# Red-Black



## redondoaveb (Jan 16, 2011)

Just received part of my Red-Black build group :thumbsup:


----------



## Math's (Jun 25, 2011)

they should have made that color a long time ago, nice stuff


----------



## firemanj92 (May 17, 2010)

Math's said:


> they should have made that color a long time ago, nice stuff


very nice!!


----------



## asad137 (Jul 29, 2009)

Sexy.


----------



## redondoaveb (Jan 16, 2011)

Yeah, I really like the look of the black chainrings. I wish they made a clamp on Force front derailleur in black


----------



## Dogo X (Jul 17, 2011)

Hey, I'm new to the sport and building my S_Works Roubaix OSBB actually I love this group set but don't know how to buy it!>>>

Any suggestion?

Thanks in advance.


----------



## redondoaveb (Jan 16, 2011)

Dogo X said:


> Hey, I'm new to the sport and building my S_Works Roubaix OSBB actually I love this group set but don't know how to buy it!>>>
> 
> Any suggestion?
> 
> Thanks in advance.


I bought my parts on Ebay in pieces. Didn't need the whole group and got good prices on individual parts.


----------



## redondoaveb (Jan 16, 2011)

Just got my bike back with Red/Black installed. It's amazing how much better Red works than Apex.


----------



## tober1 (Feb 6, 2009)

Cross-chainer  

Nice ride!


----------



## redondoaveb (Jan 16, 2011)

tober1 said:


> Cross-chainer
> 
> Nice ride!


I used to be a closet cross chainer. I guess with the pics it's out in the open now. :blush2:

Thanks for the compliment!


----------



## MarvinK (Feb 12, 2002)

It's not technically cross chained... was your Apex short or medium cage?


----------



## redondoaveb (Jan 16, 2011)

MarvinK said:


> It's not technically cross chained... was your Apex short or medium cage?


Apex was short cage. Also, can't believe how much shorter the throw is on the Red levers compared to Apex.

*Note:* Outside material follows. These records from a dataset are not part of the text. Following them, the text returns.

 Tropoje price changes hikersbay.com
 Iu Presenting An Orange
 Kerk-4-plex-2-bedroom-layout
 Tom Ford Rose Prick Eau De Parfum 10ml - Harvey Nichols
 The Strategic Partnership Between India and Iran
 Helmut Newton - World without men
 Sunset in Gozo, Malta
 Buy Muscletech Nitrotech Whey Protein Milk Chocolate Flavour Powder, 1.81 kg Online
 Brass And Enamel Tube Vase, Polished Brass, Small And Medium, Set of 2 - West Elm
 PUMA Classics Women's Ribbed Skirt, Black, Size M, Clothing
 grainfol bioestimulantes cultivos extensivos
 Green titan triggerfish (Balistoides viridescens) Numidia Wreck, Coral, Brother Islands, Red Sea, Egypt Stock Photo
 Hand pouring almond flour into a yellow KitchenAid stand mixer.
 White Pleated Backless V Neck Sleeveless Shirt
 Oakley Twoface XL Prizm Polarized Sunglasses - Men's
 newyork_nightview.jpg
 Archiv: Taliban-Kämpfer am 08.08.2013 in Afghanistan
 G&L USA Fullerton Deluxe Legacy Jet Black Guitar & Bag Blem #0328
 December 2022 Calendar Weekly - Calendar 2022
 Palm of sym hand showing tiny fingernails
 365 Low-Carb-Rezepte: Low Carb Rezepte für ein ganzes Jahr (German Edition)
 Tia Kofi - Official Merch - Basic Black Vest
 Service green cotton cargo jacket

Love this set up.


----------



## breezer69 (Jul 15, 2011)

very nice


----------



## red elvis (Sep 9, 2010)

i agree. they look so nice. :thumbsup:


----------



## MarvinK (Feb 12, 2002)

I'm sort of missing the old-style Red... not really a fan of black. Wish they did a white theme--rather than push that on their lowest-end parts.


----------



## jason07 (Jul 26, 2010)

Here is SRAM Red Black on my new 2012 Roubaix.

It looks great on the white!


----------